Von Leonie Haueisen / 7. Oktober 2015
Foto: Kevin Tiedgen

Europa und Polen – wie geht das zusammen? Die Mitarbeiter des Warschauer Büros der Friedrich-Ebert-Stiftung machen eine Bestandsaufnahme. Ein Gespräch.

Was sind die dominanten europapolitischen Themen in Polen?
FES Warschau-Mitarbeiterin Joanna Andrychowicz-Skrzeba (A-S): In den vergangenen Monaten haben wir in Polen Wahlzeit, deswegen stehen die europapolitischen Themen eher am Rande und die Innenpolitik spielt stattdessen eine sehr wichtige Rolle, obwohl die Flüchtlingskrise natürlich in den Vordergrund gerückt ist. Damit ist auch das Thema der Solidarität verbunden, der Haltung Polens in der Flüchtlingsfrage und zu den Entscheidungen, die in der EU dazu gefallen sind. Die Ukraine-Krise ist schon längere Zeit wichtig. In diesem Zusammenhang spielt auch die Beziehung zu Russland eine wichtige Rolle.

Welchen Beitrag kann Polen für eine erfolgreiche Zukunft Europas leisten? Was ist die besondere Stärke von Polen?
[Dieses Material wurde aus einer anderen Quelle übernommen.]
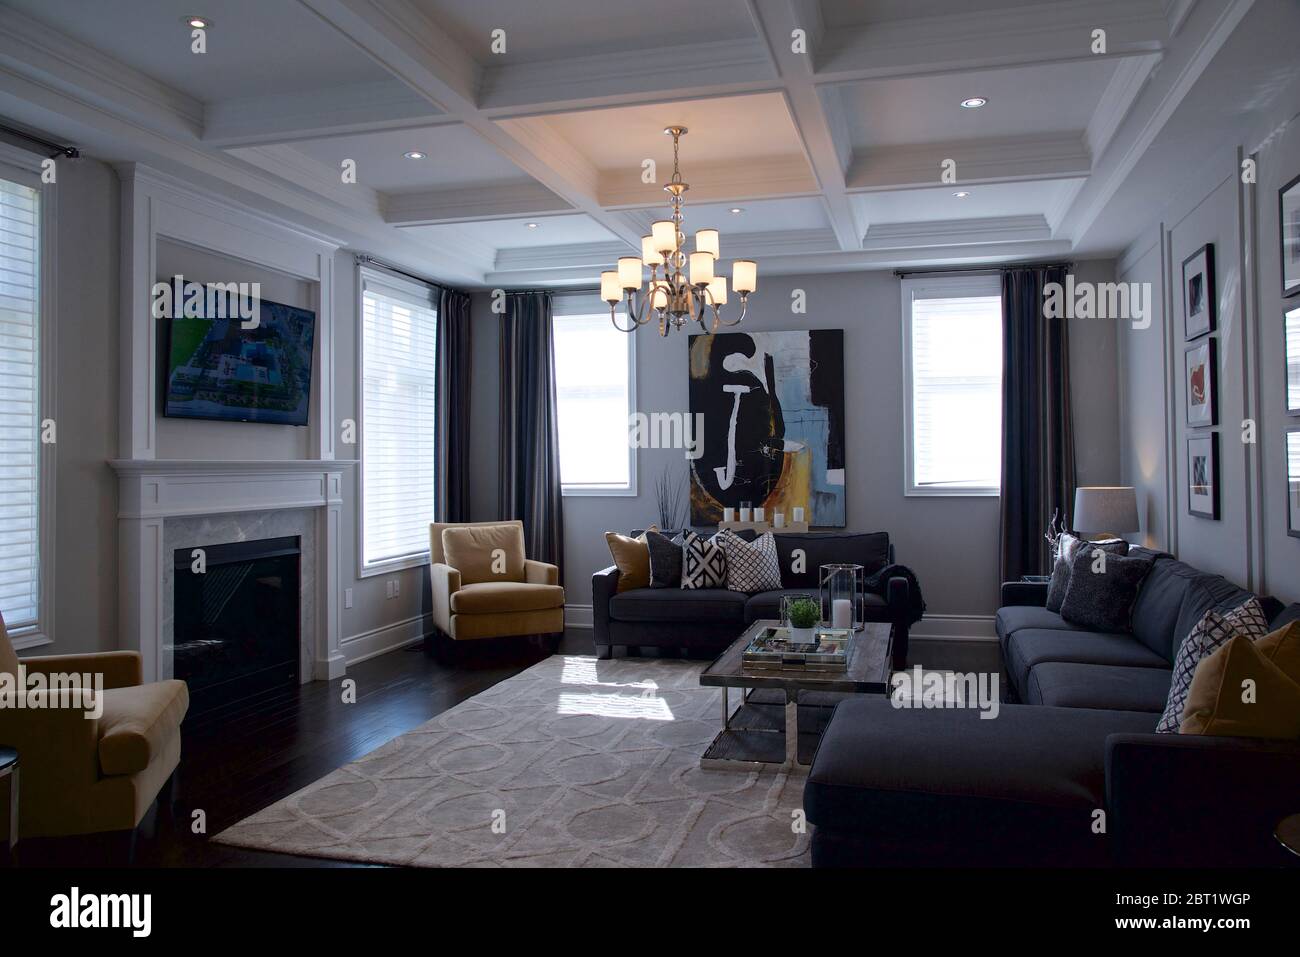 Kleinburg, Ontario / Canada - 08/31/2019: Livingroom Interior Home architettura - Foto del soggiorno - Fotografia di interni. Foto Stock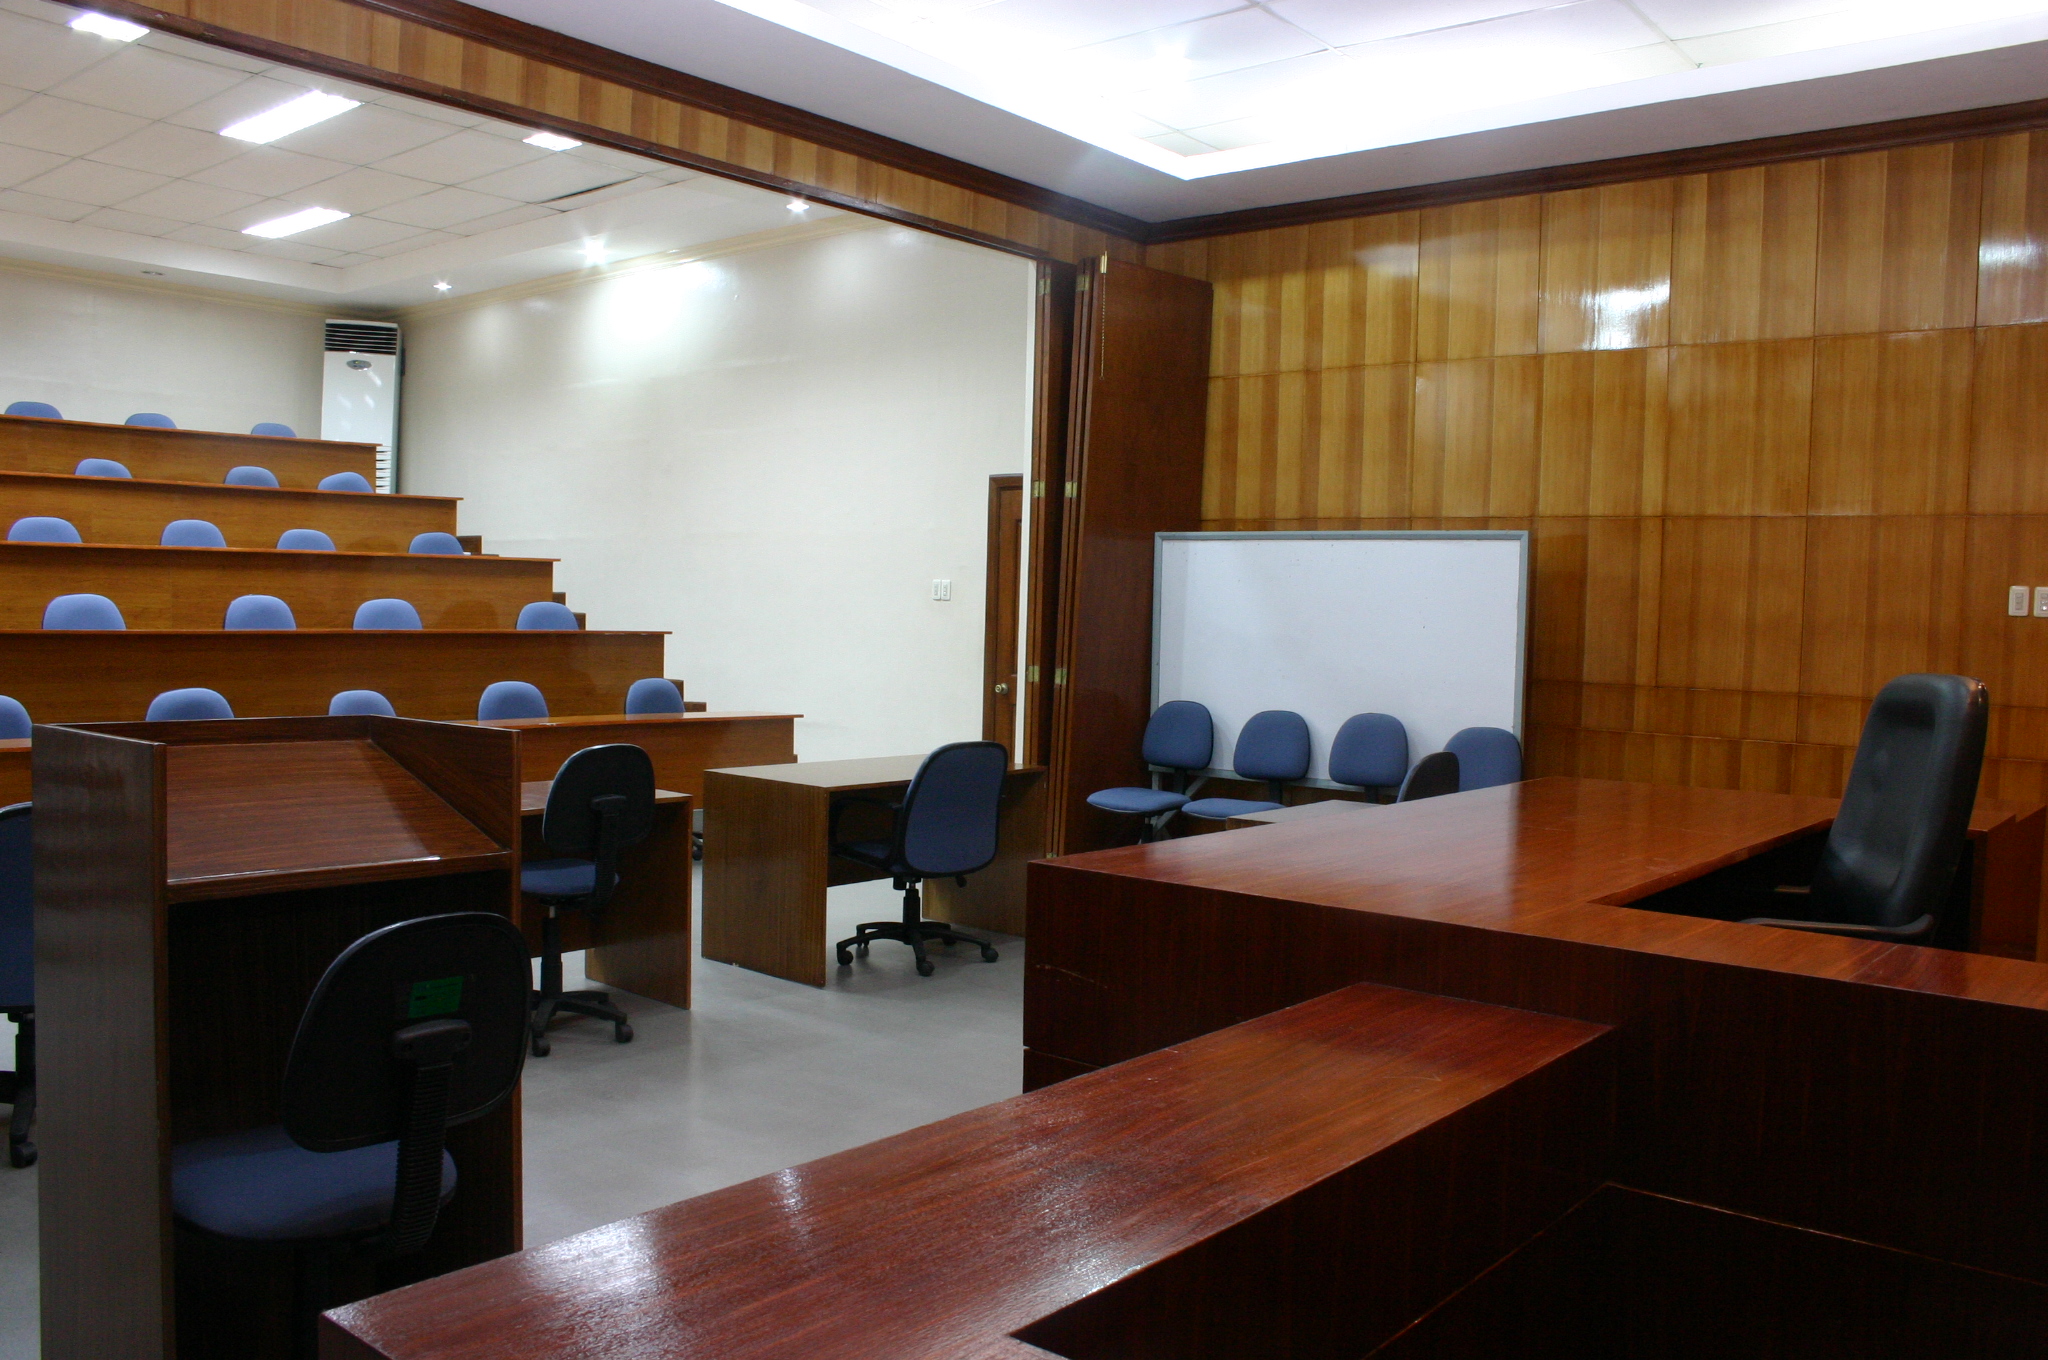 School of Law – Moot Court

Büroleiter Roland Feicht: Die Polen stehen eindeutig zu Europa. Das ist in anderen Ländern nicht unbedingt immer der Fall. Es ist auch wichtig, dass Warschau in der Europapolitik darauf besteht, dass wir bei aller Kritik am Stabilitätskurs in Europa nicht das Kind mit dem Bade ausschütten. Warschau vertritt die Meinung, dass man, wenn man erfolgreich wirtschaftet, nicht über seine Verhältnisse leben darf. Damit distanzieren sie sich eindeutig mit Blick auf die Krise in Spanien, vor allen Dingen aber in Griechenland. Das ist sehr positiv zu sehen.

Das Team der FES in Warschau. Im Hintergrund das Königsschloss und die Sigismund-Säule. Am Interview nahmen die wissenschaftlichen Mitarbeiterinnen Barbara Szelewa (2. v. l.) und Joanna Andrychowicz-Skrzeba (4. v. l.) sowie Büroleiter Roland Feicht (4. v. r.) teil. (Foto: FES Warschau)

A-S: Polen wollte schon immer „leader“ der osteuropäischen Länder sein. Es will diese Position auch in der EU, in Europa behalten und Mittler zwischen dem Westen und Osten sein. Polen ist eines der osteuropäischen Länder, die den meisten wirtschaftlichen Erfolg hatten nach 1989. Polen hat viel erreicht in der Zeit. Polen versucht solidarisch zu sein zu den Ländern, die Probleme haben, die östlich von uns liegen, und das wollte Polen auch in der EU vermitteln. Die Themen Ukraine und Belarus lagen Polen immer sehr am Herzen.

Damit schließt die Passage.